- DATA FOR REVIEW
+ + + +

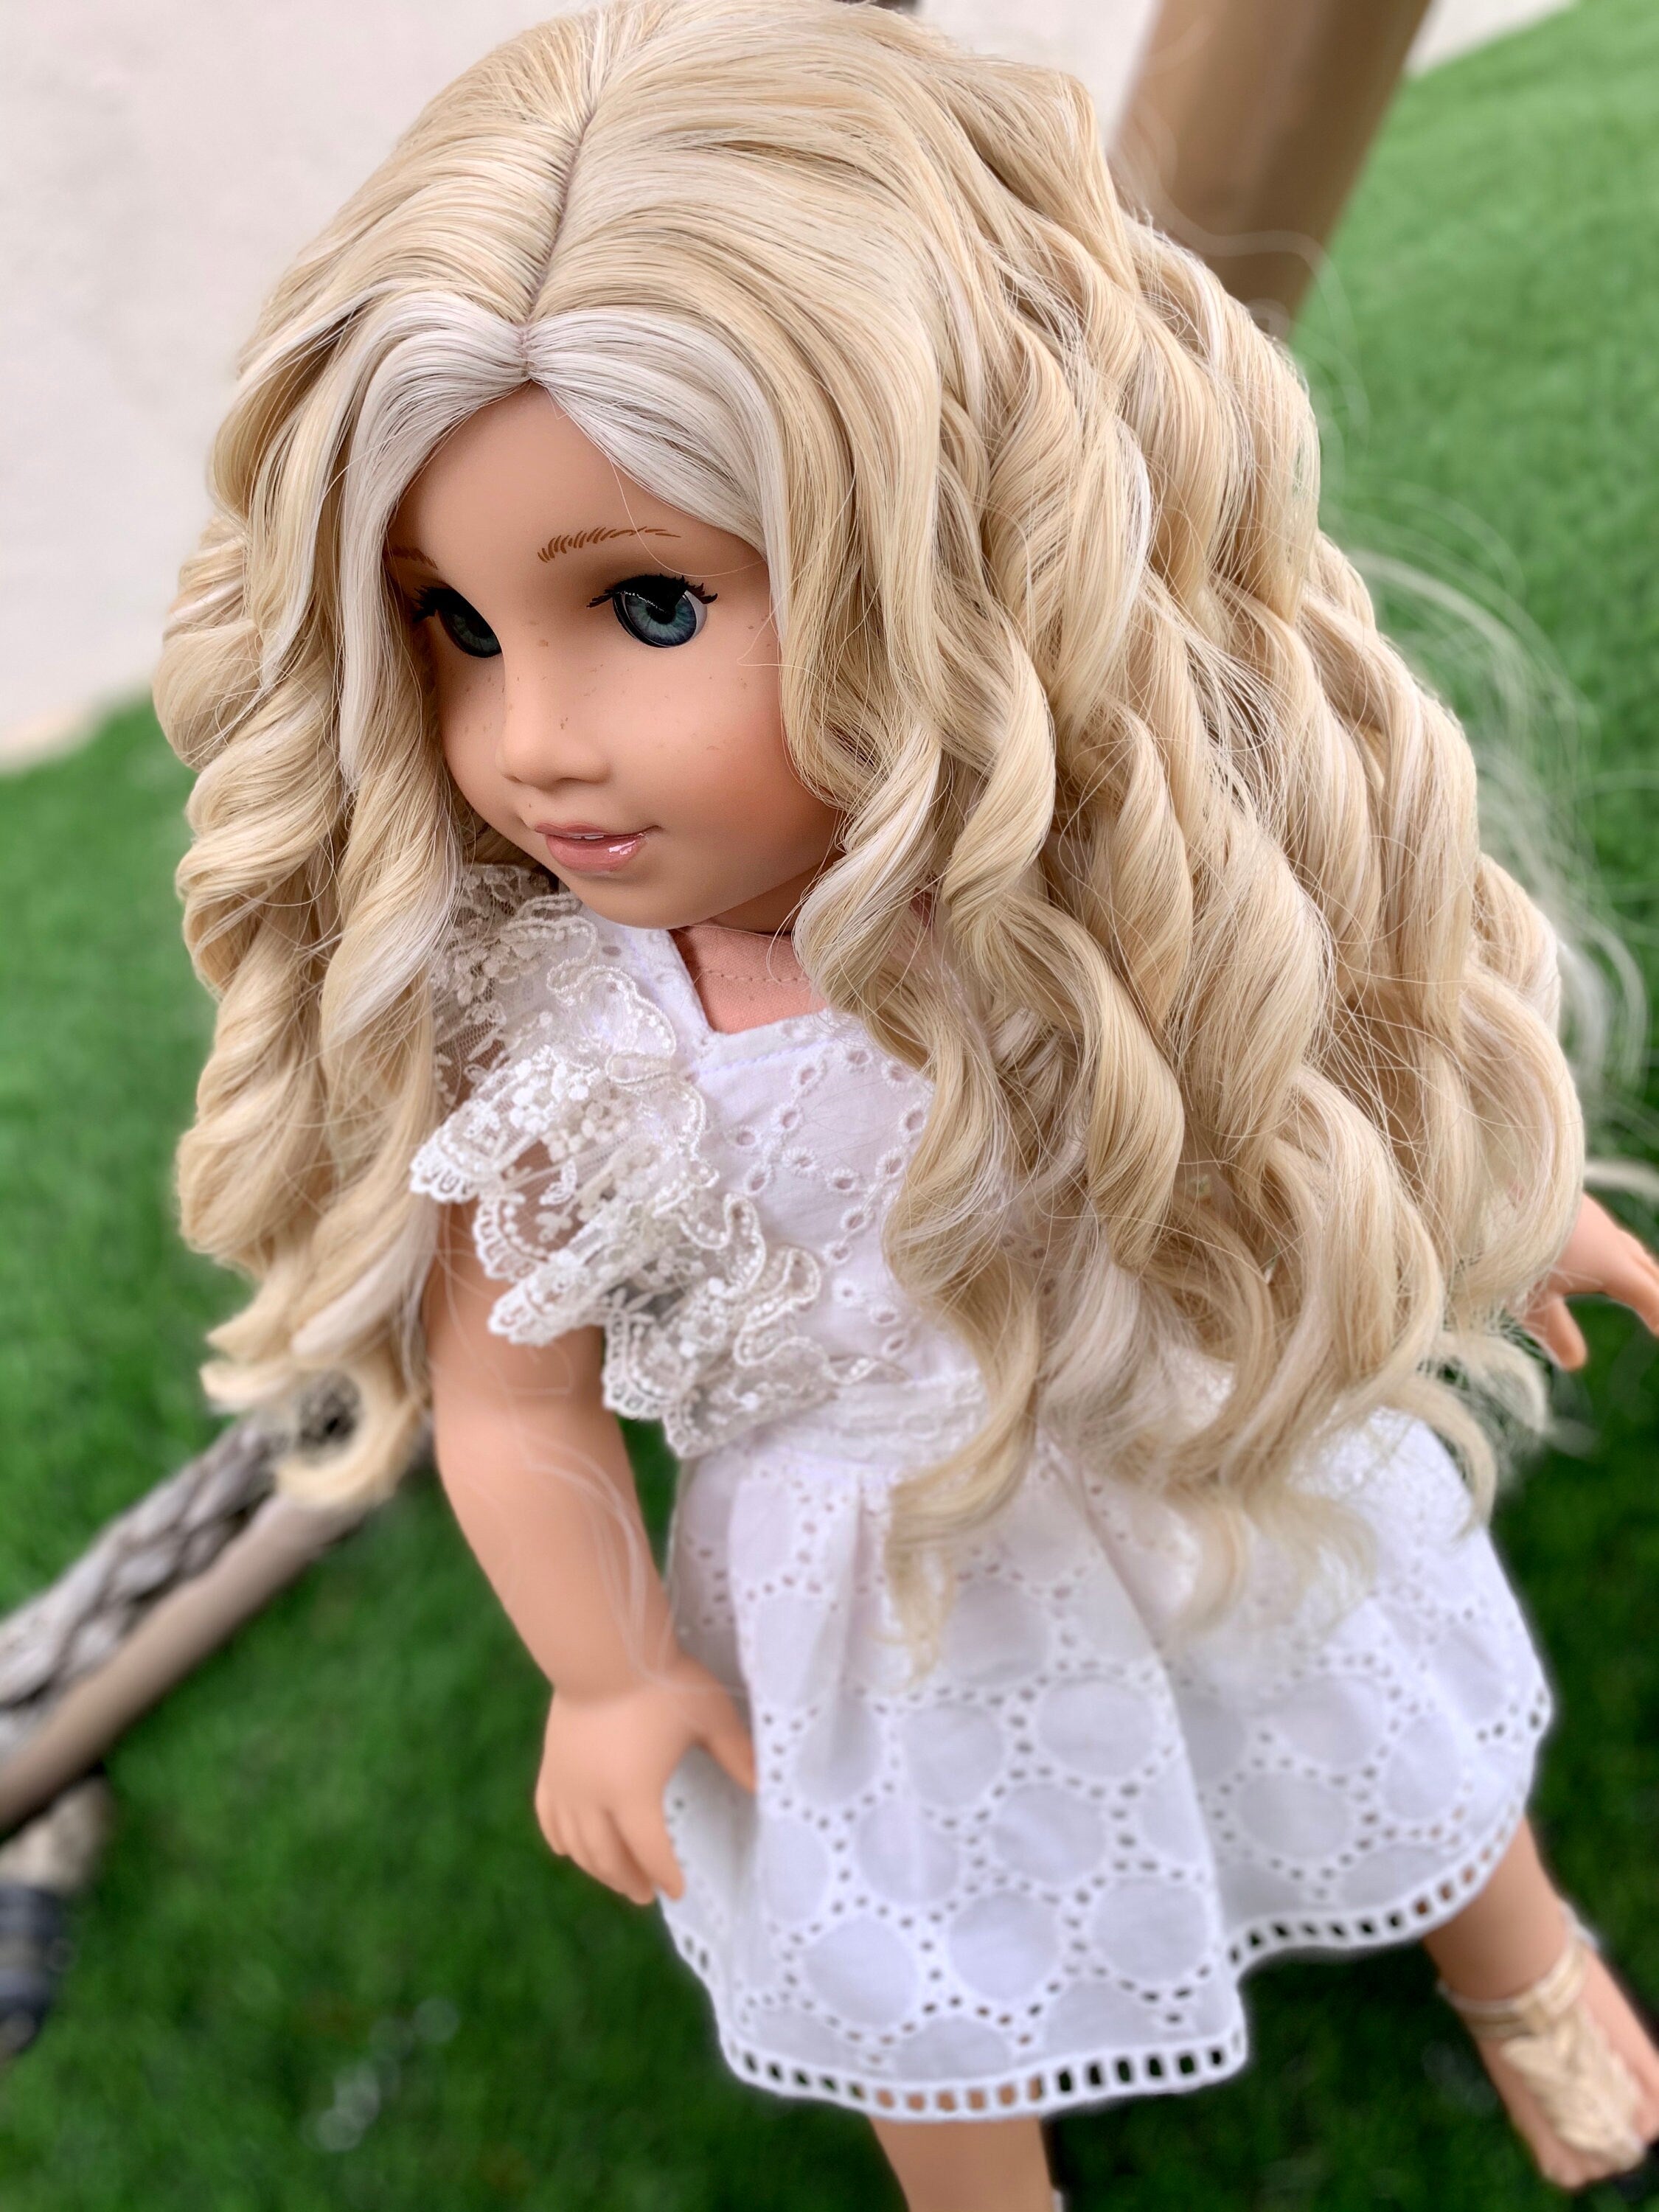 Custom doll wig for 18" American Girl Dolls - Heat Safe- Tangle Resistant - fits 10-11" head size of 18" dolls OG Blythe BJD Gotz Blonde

+ + + +

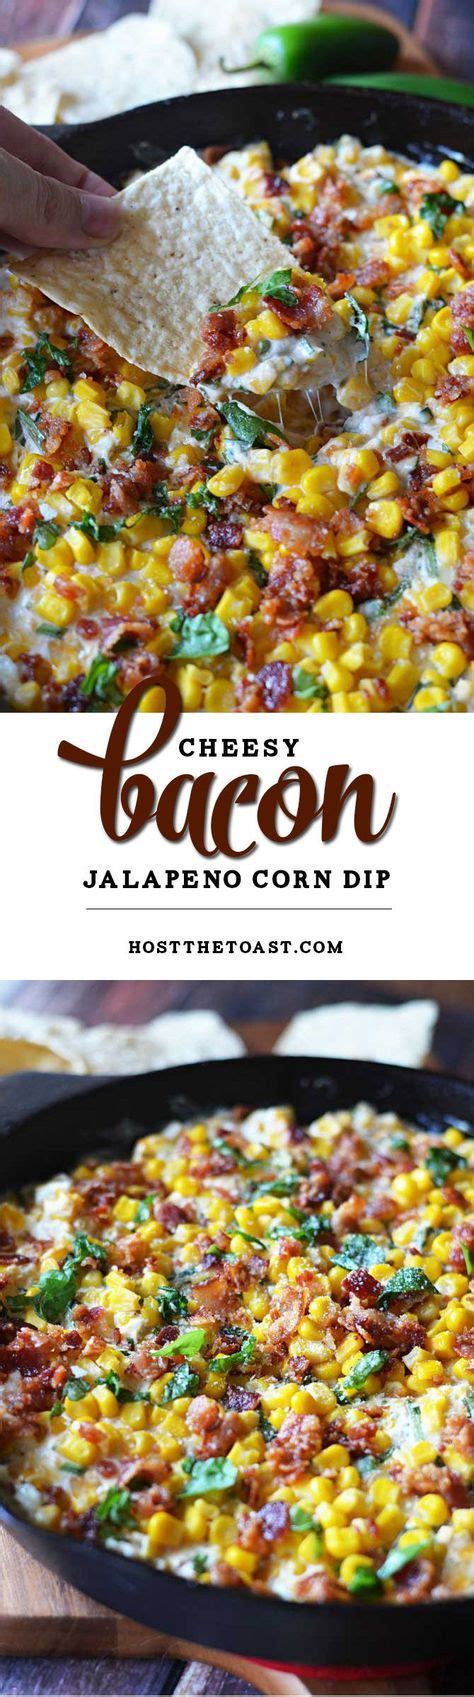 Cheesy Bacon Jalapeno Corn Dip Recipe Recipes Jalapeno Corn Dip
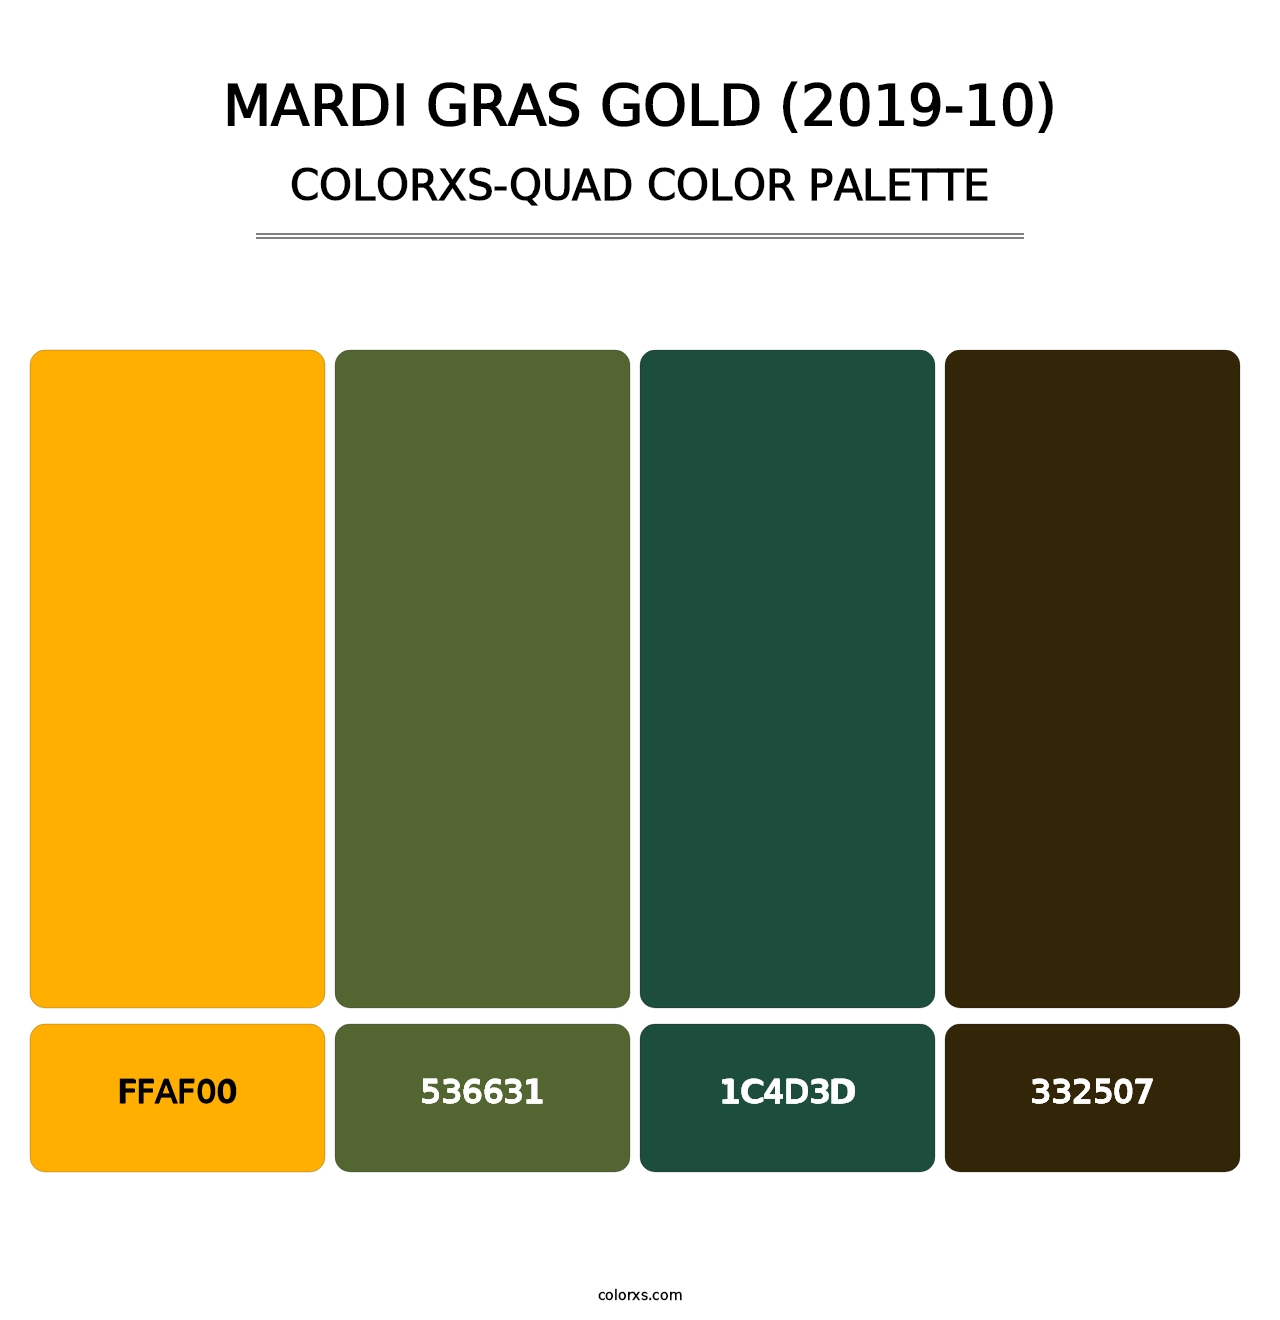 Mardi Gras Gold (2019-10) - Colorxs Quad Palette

+ + + +

Repeat exactly the lines above, beginning at the one containing "Cheesy Bacon Jalapeno" and ending at the one containing "Mardi Gras Gold". Do not carry over any pictures.

- EXERCISE OUTPUT
 Cheesy Bacon Jalapeno Corn Dip Recipe Recipes Jalapeno Corn Dip
 Mardi Gras Gold (2019-10) - Colorxs Quad Palette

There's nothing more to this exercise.